Task instructions
Transcribe the lines exactly, beginning with the one that contains "A circa 1950's pink Murano glass lamp" and ending with the final line of the records. Do not transcribe pictures.

[Extracted records]

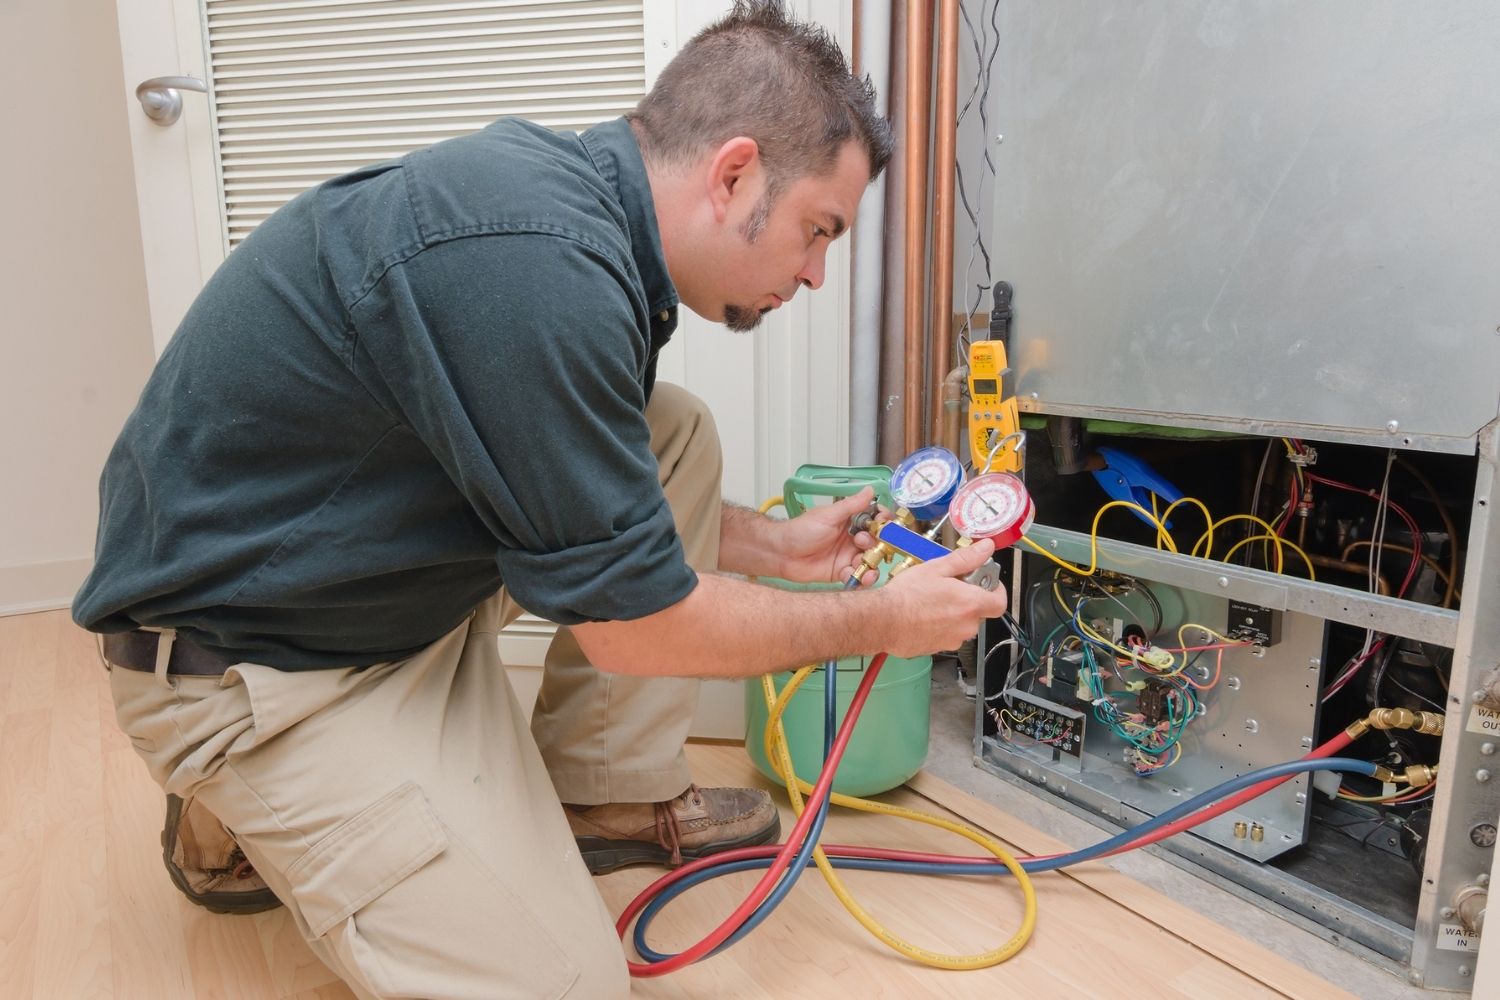 A worker uses a tool to test the functioning of an HVAC unit.
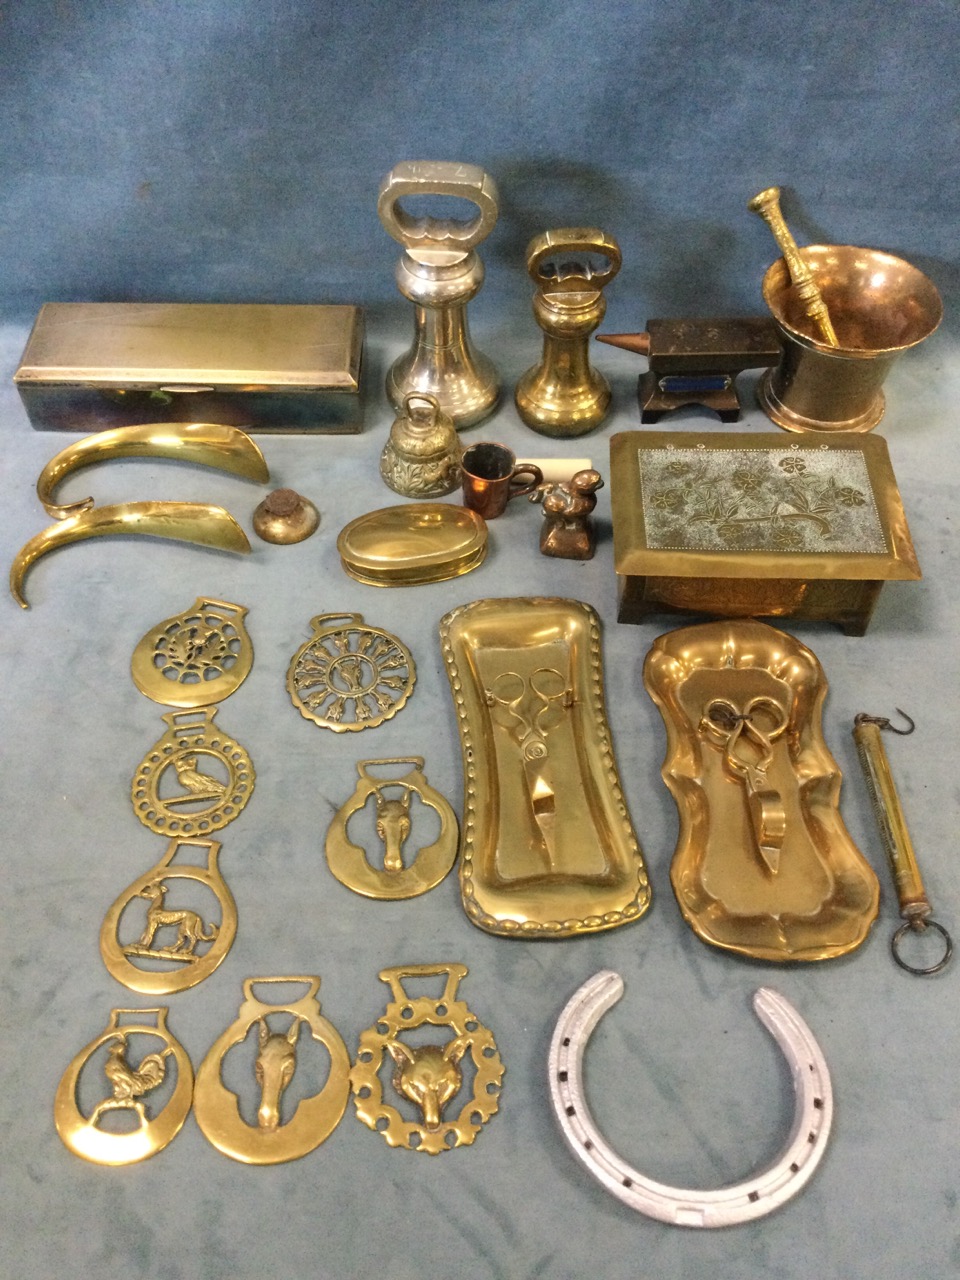 Miscellaneous brass - cigarette boxes, candle snuffers and trays, an anvil, pestle and mortar,
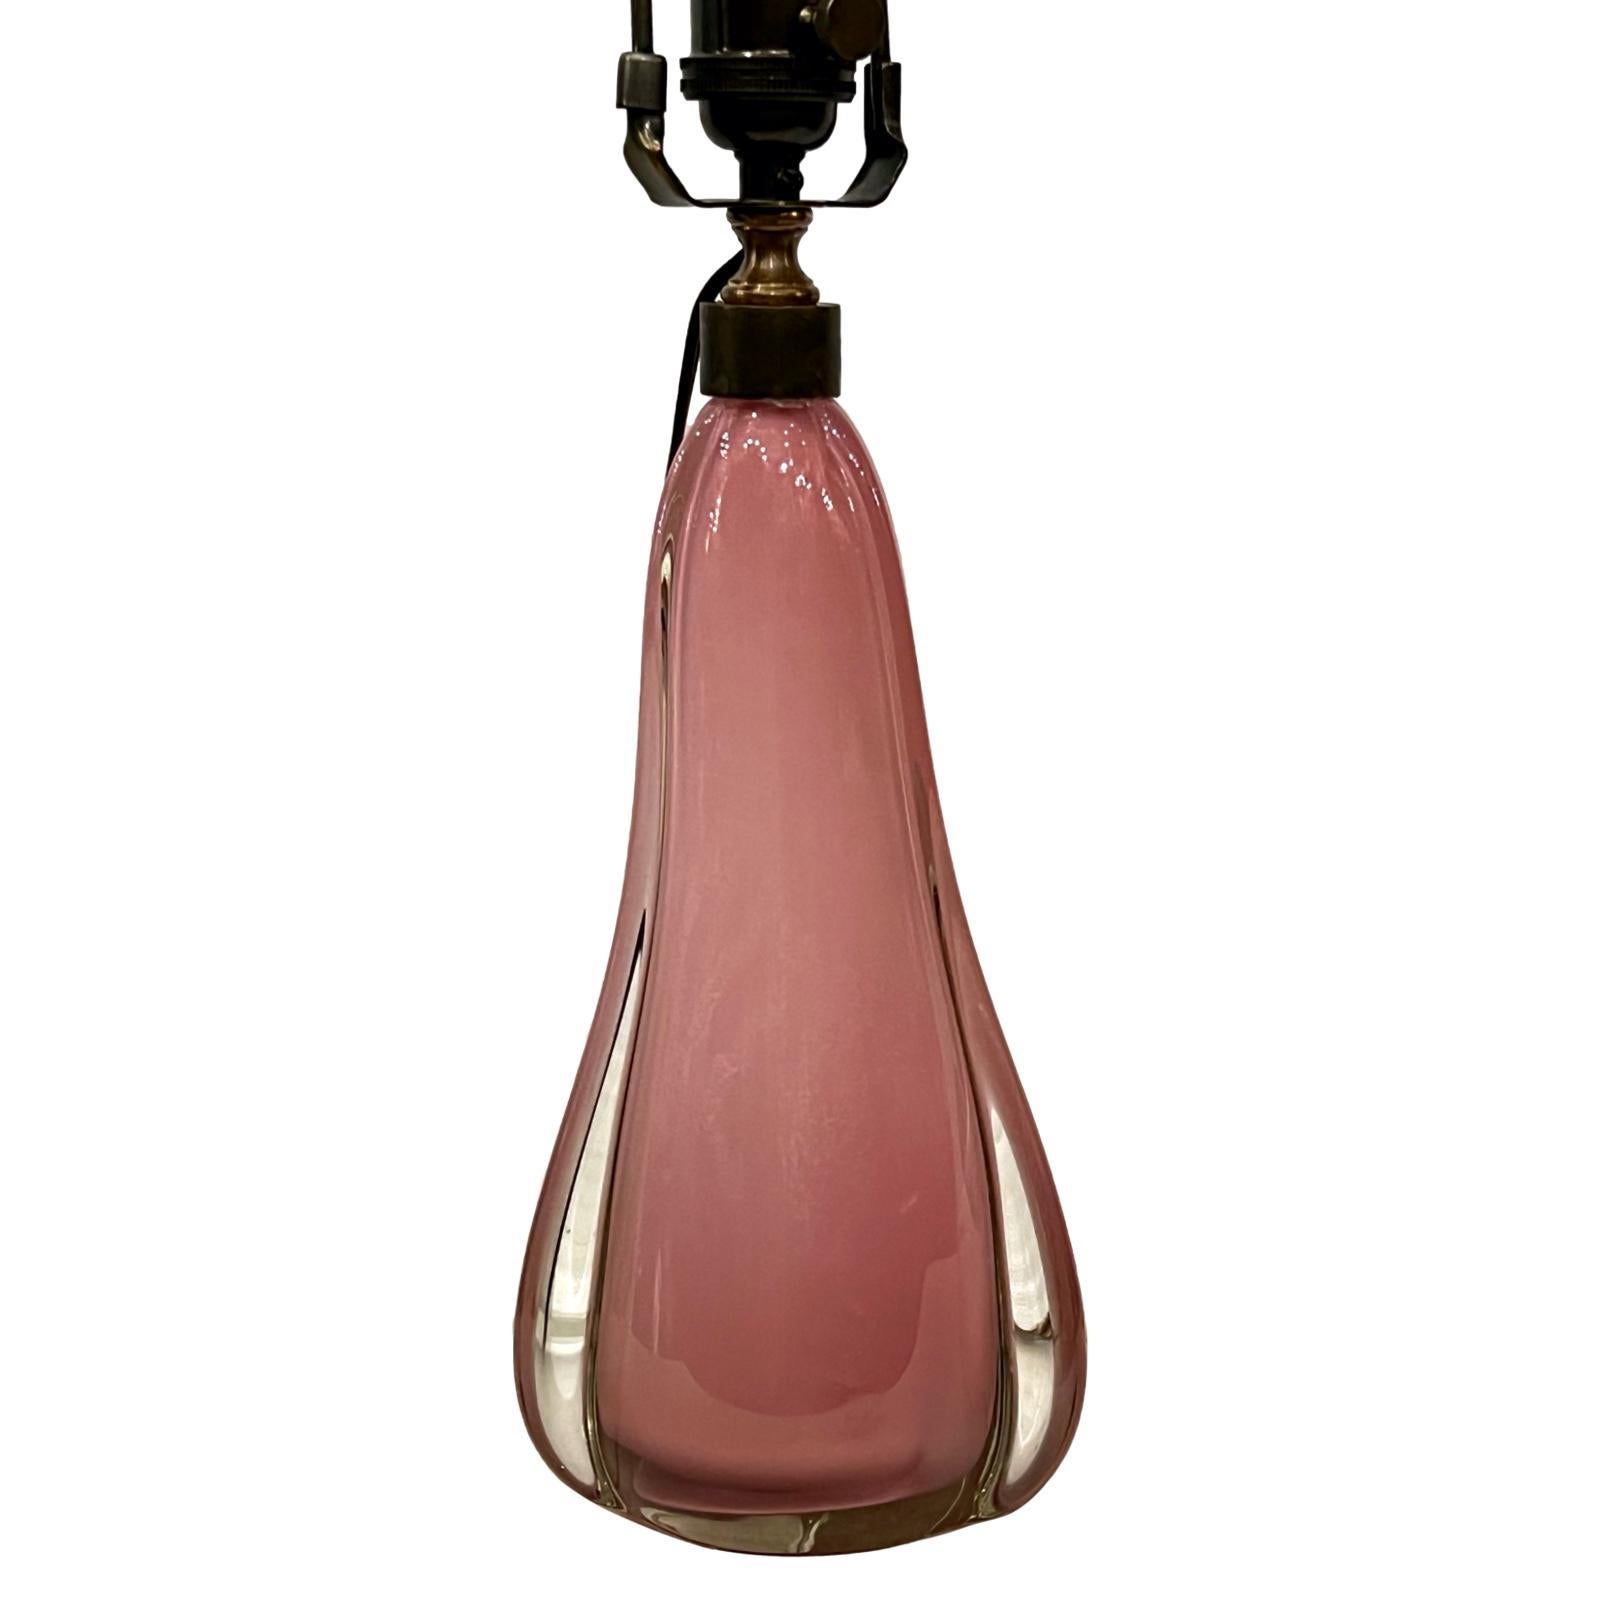 A circa 1950's pink Murano glass lamp

Measurements:
Height of body: 12

Output
 A circa 1950's pink Murano glass lamp

Measurements:
Height of body: 12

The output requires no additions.